━━━━━ Exercise data

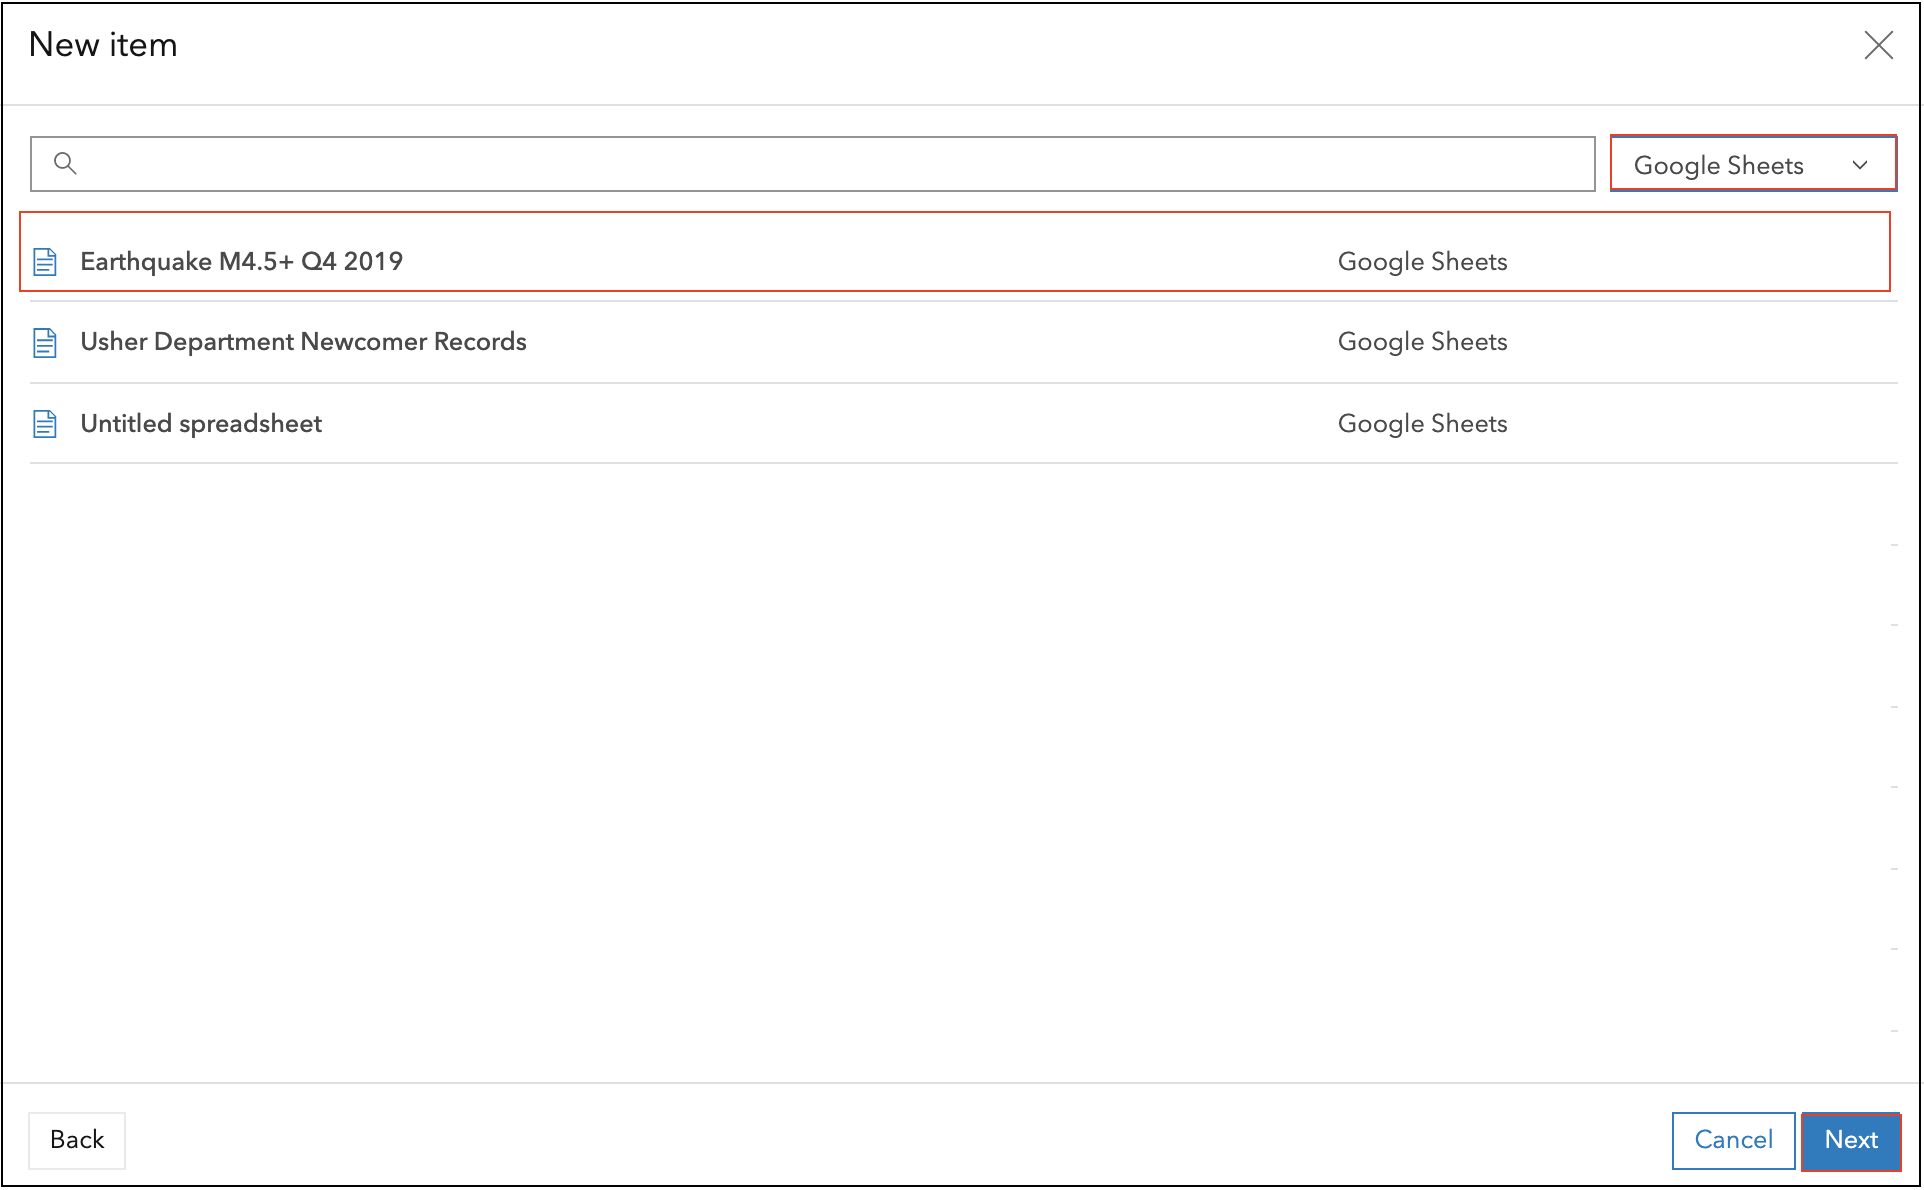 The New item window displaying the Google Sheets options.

━━━━━━━━━━
━━━━━ Exercise data

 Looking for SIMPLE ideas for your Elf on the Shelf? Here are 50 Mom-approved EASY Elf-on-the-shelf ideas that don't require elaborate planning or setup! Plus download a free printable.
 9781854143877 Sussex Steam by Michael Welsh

━━━━━━━━━━
━━━━━ Exercise data

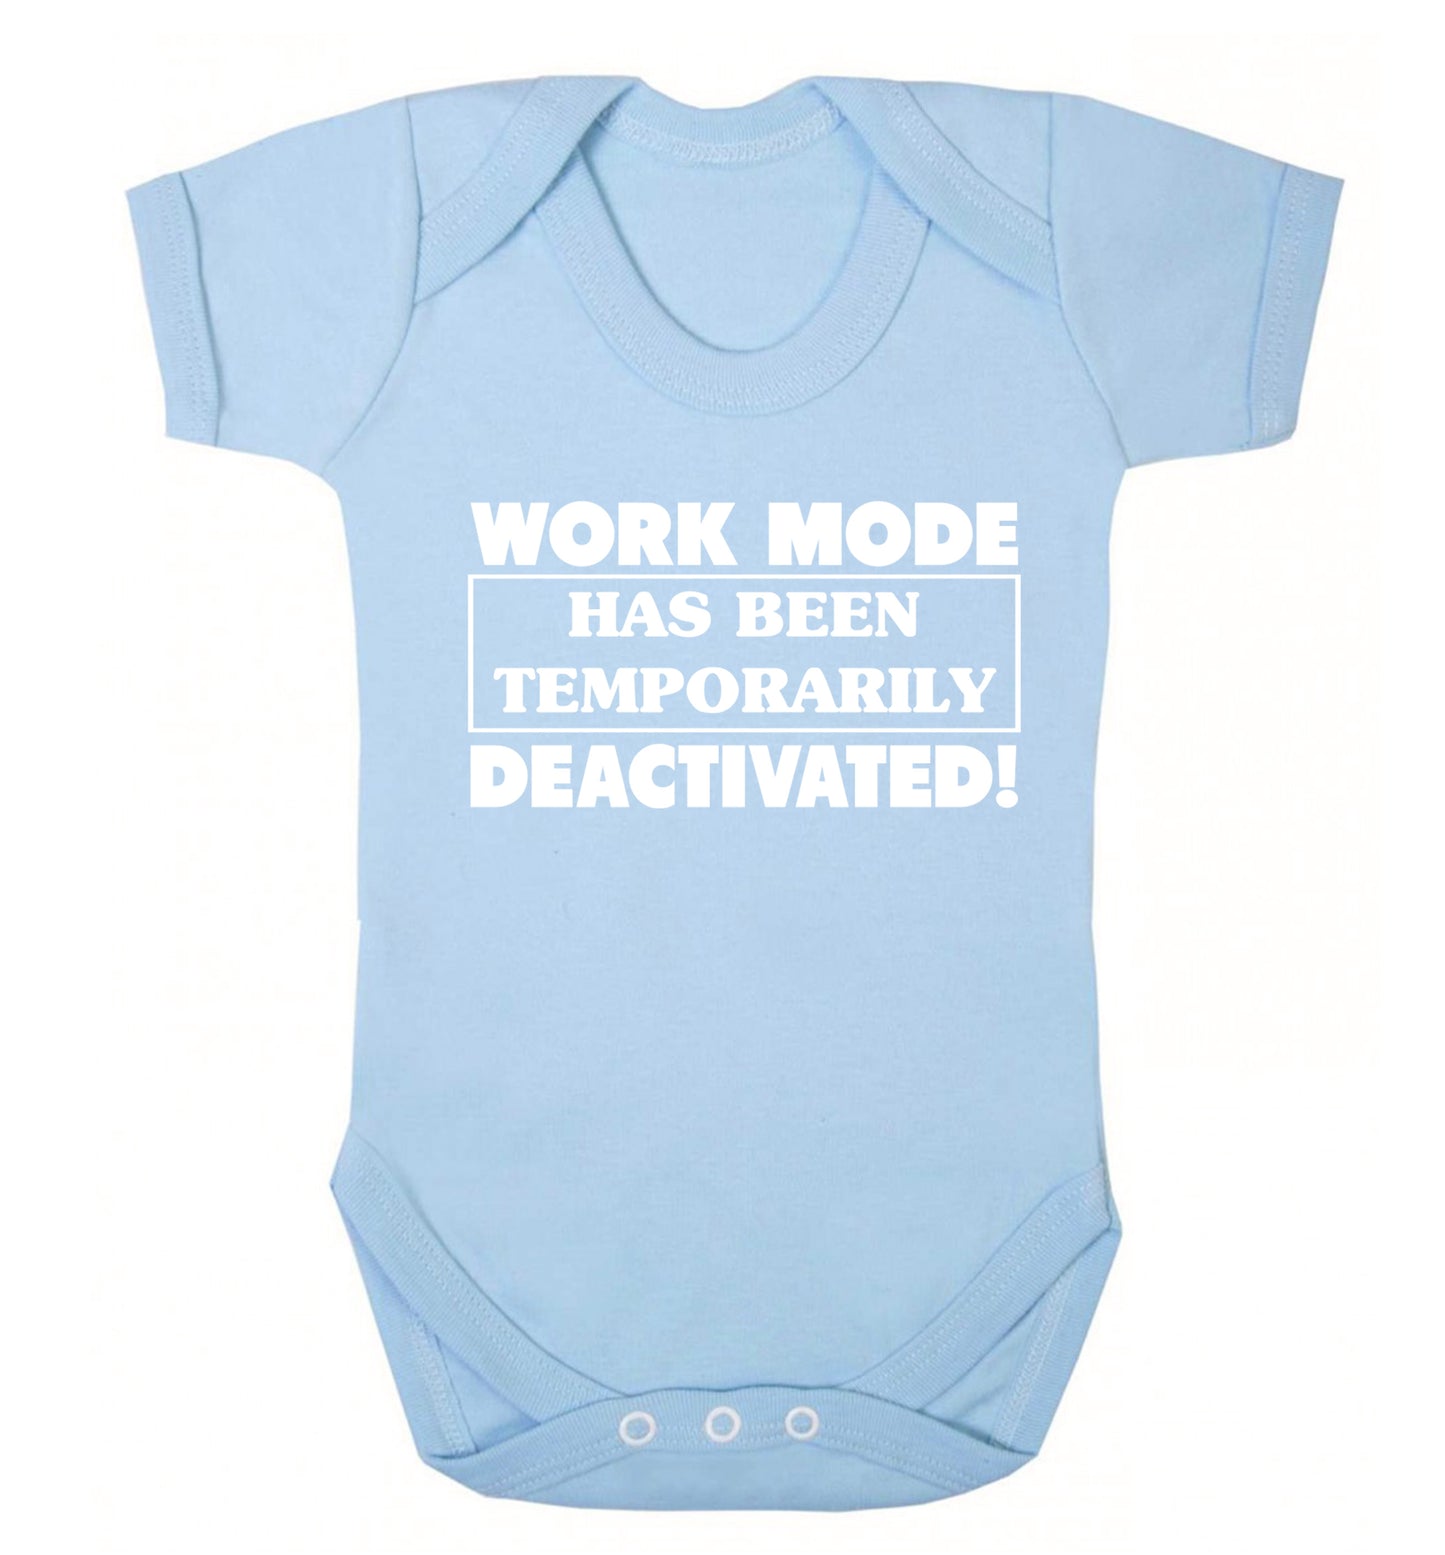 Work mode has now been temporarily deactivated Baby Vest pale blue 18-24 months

━━━━━━━━━━

About this task: Please give an exact copy of the lines above, beginning with the line containing "Looking for SIMPLE" and running through the line containing "9781854143877 Sussex Steam by Michael Welsh", and of no other lines.

Answer to this exercise:
 Looking for SIMPLE ideas for your Elf on the Shelf? Here are 50 Mom-approved EASY Elf-on-the-shelf ideas that don't require elaborate planning or setup! Plus download a free printable.
 9781854143877 Sussex Steam by Michael Welsh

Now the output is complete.